_WHAT IS REQUIRED_:
Please repeat the whole listing exactly, but leave out any picture it holds.

====== DATA PROVIDED

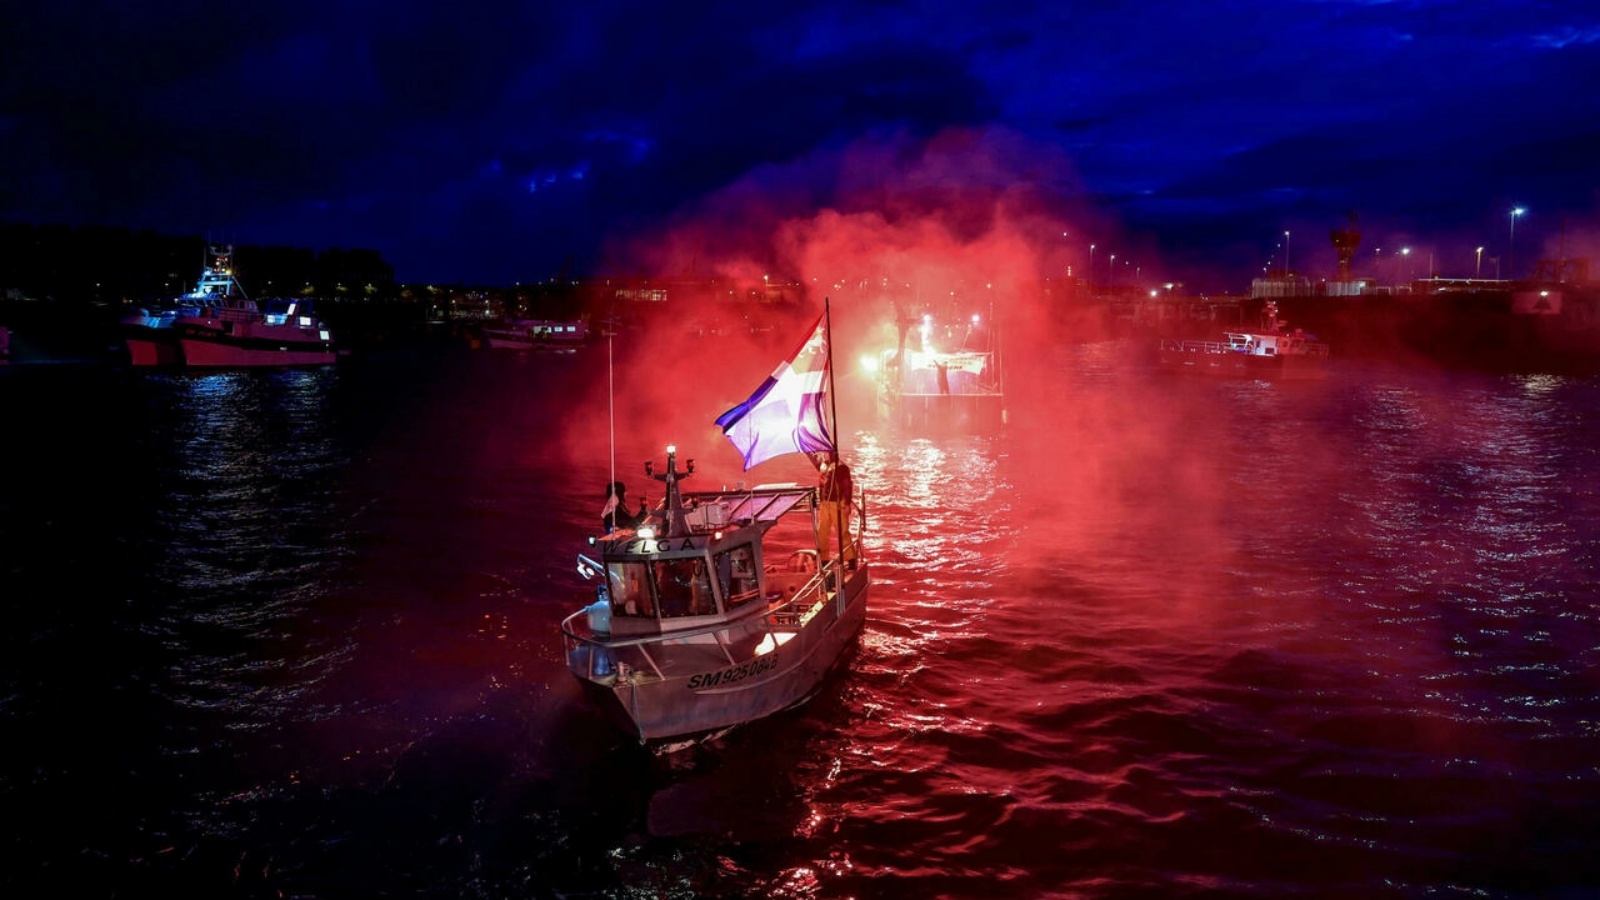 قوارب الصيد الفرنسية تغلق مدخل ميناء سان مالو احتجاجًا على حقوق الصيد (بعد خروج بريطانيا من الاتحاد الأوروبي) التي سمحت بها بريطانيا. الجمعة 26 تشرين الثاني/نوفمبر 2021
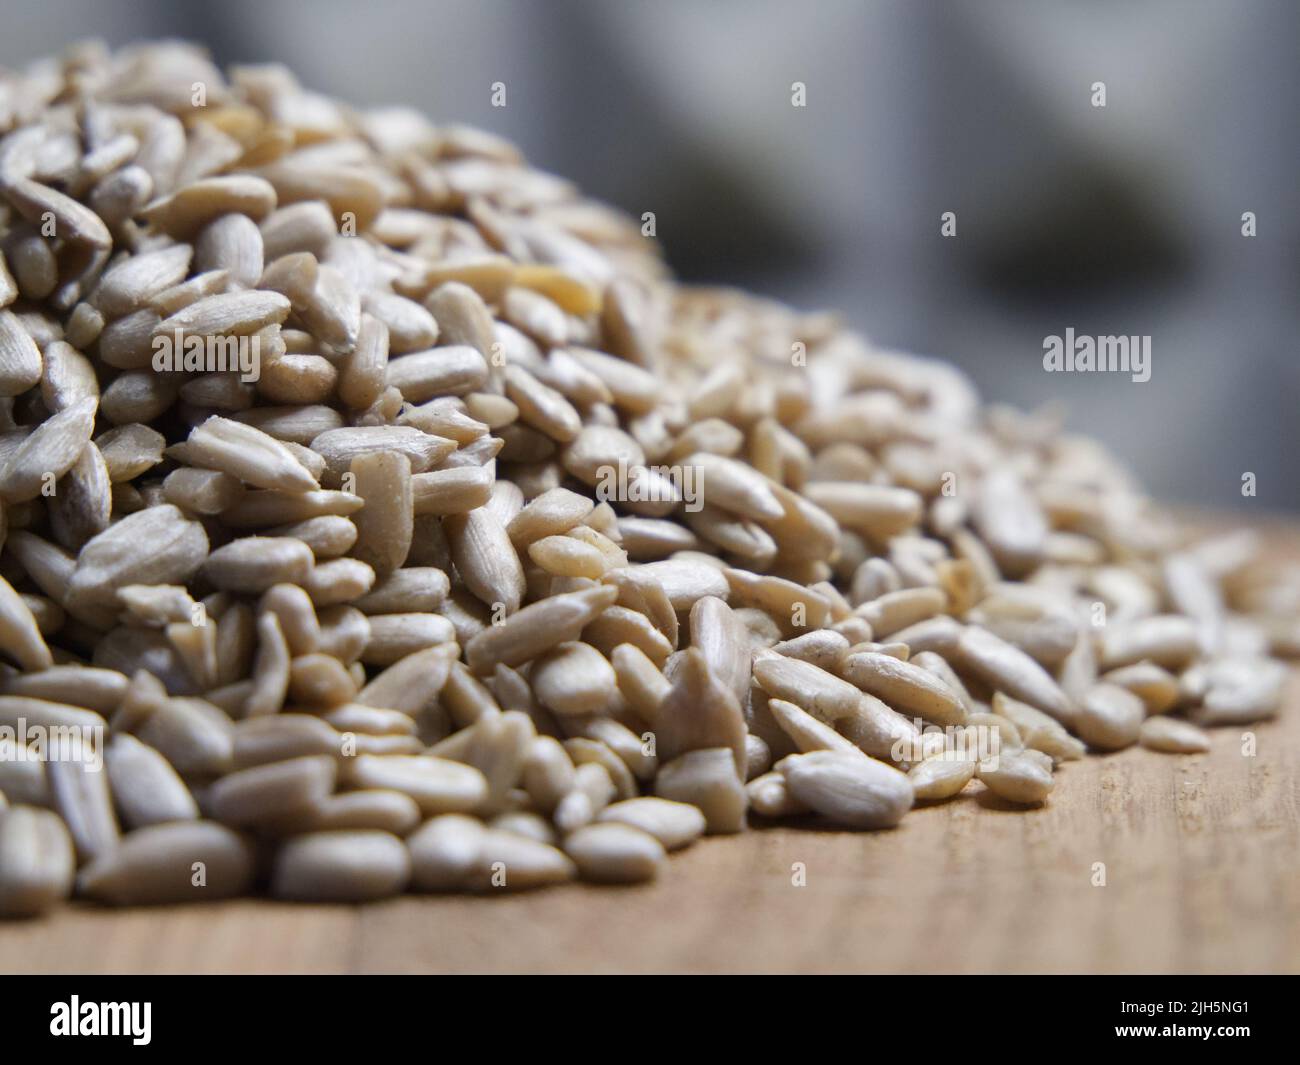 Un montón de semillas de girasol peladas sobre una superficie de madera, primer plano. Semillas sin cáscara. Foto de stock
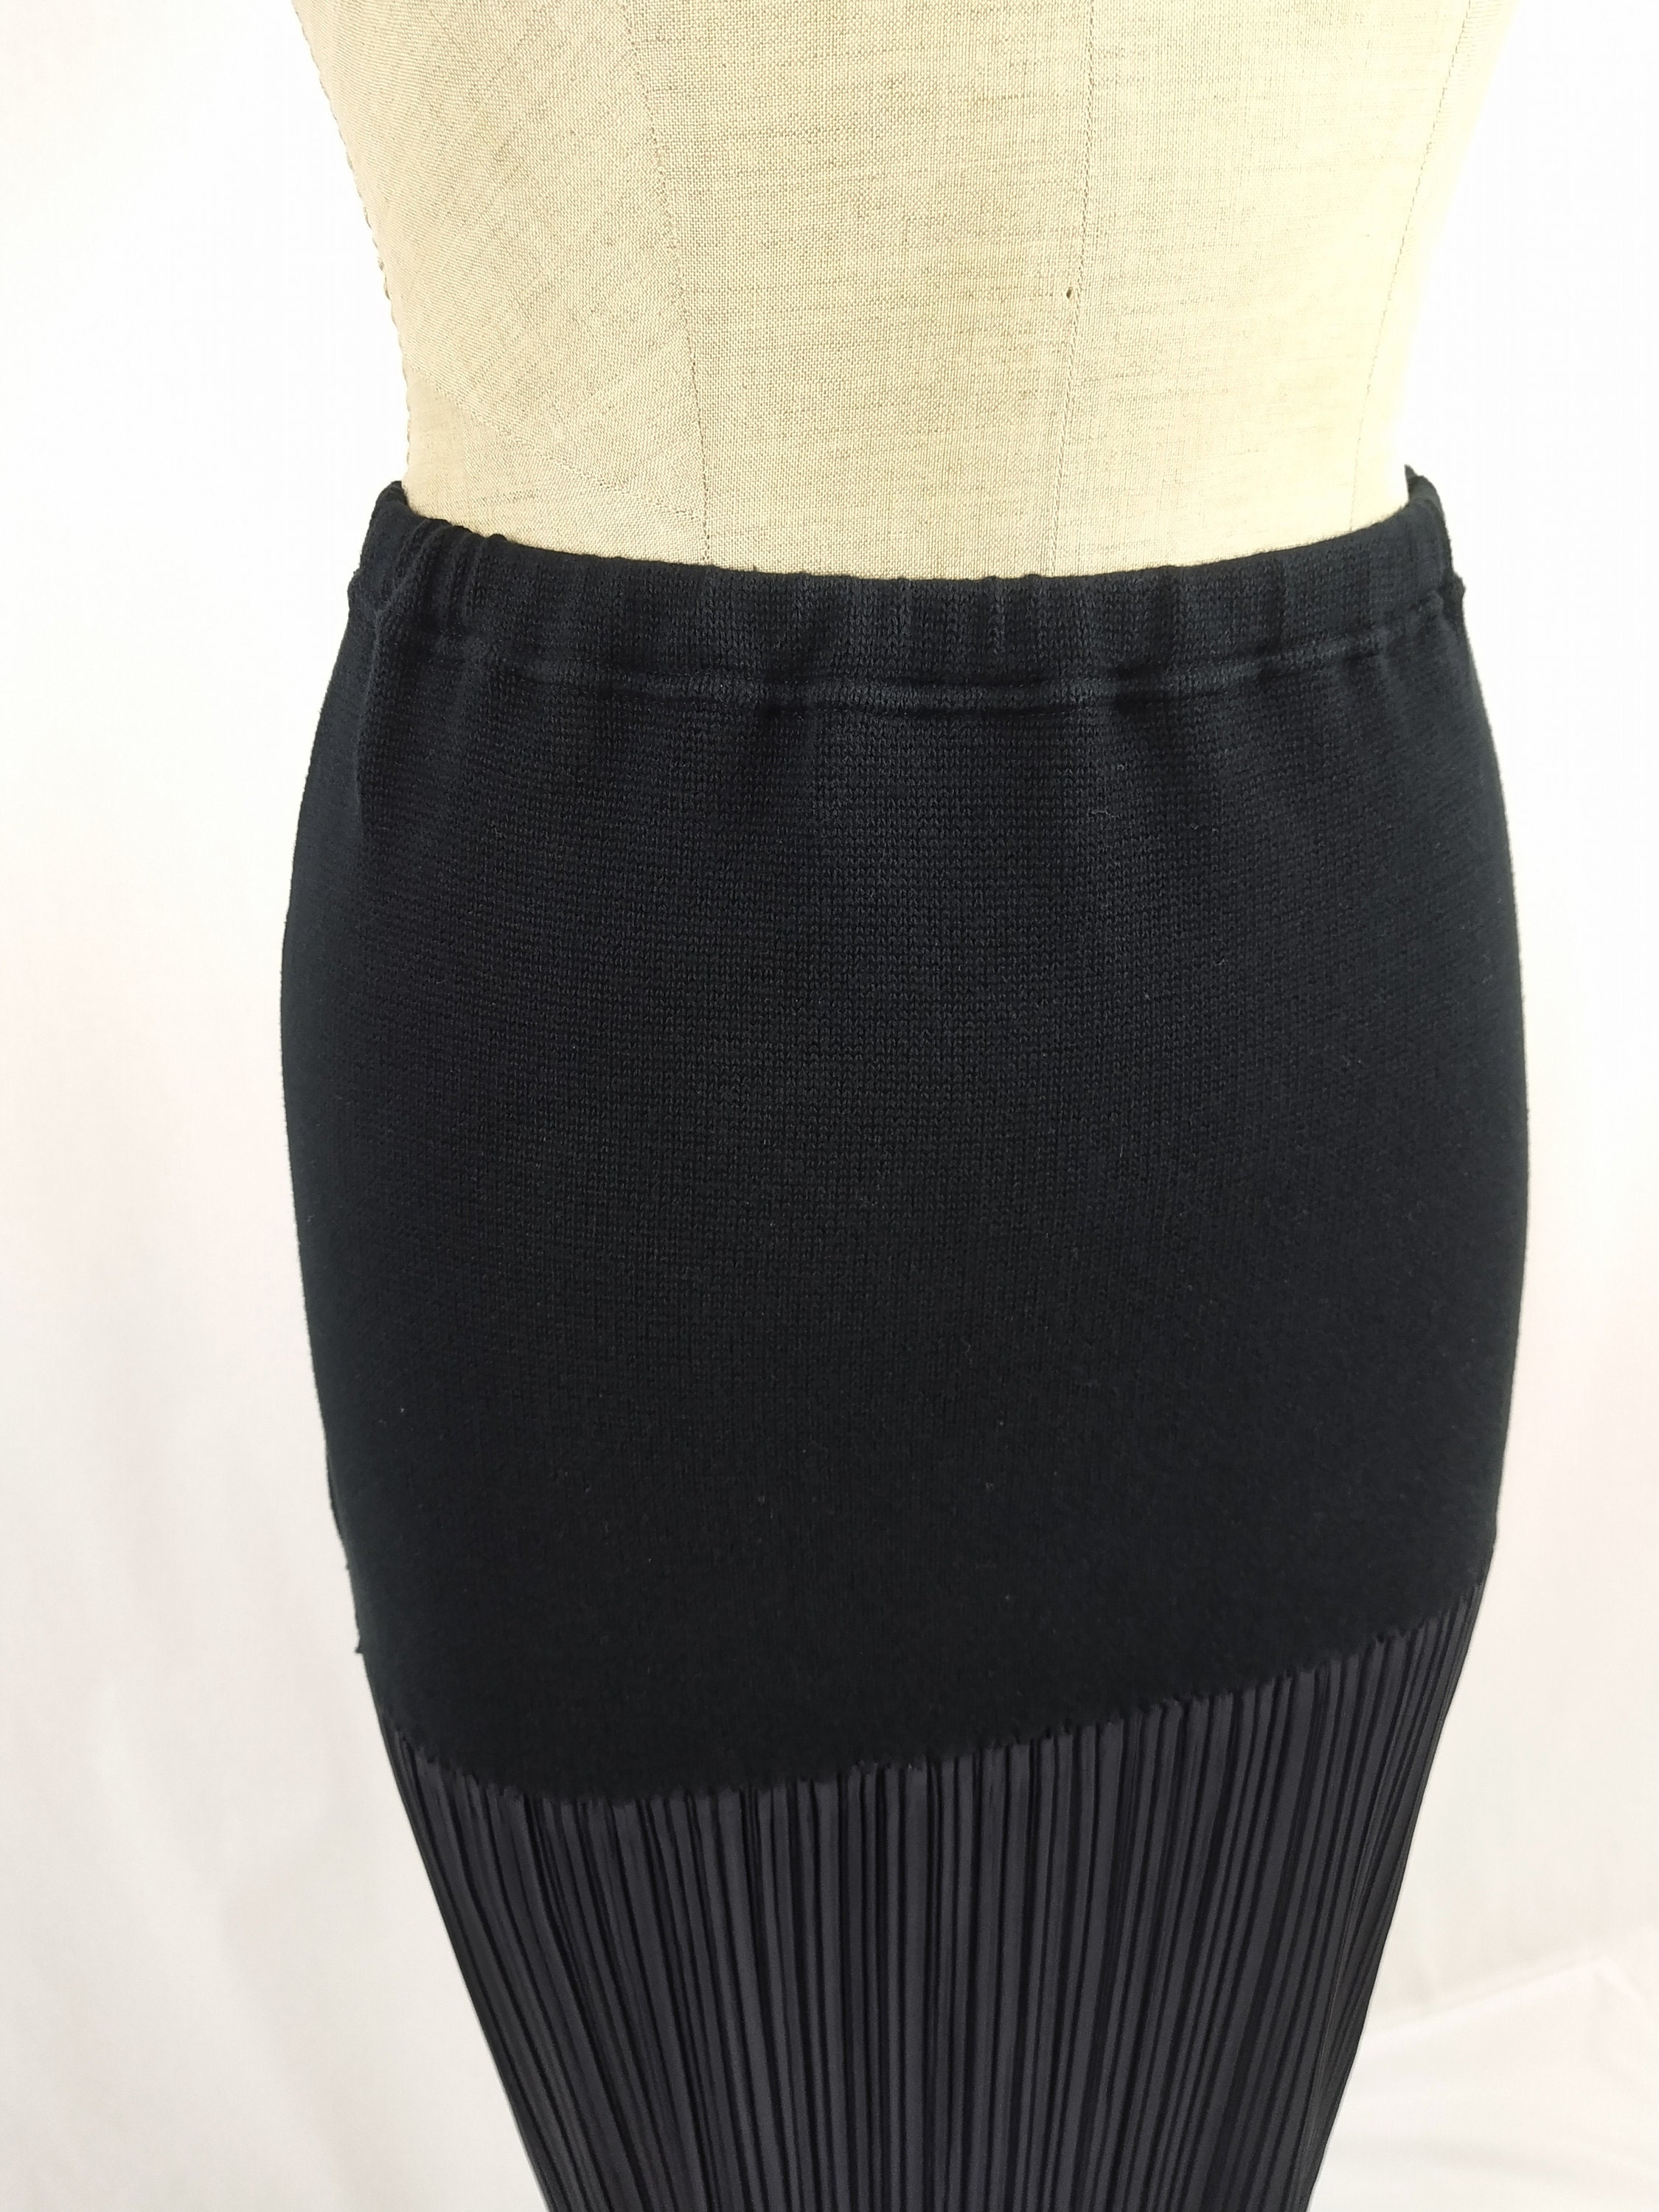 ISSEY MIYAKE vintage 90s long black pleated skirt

============

_RESULT OF THE TASK_:
 قوارب الصيد الفرنسية تغلق مدخل ميناء سان مالو احتجاجًا على حقوق الصيد (بعد خروج بريطانيا من الاتحاد الأوروبي) التي سمحت بها بريطانيا. الجمعة 26 تشرين الثاني/نوفمبر 2021
 Un montón de semillas de girasol peladas sobre una superficie de madera, primer plano. Semillas sin cáscara. Foto de stock
 ISSEY MIYAKE vintage 90s long black pleated skirt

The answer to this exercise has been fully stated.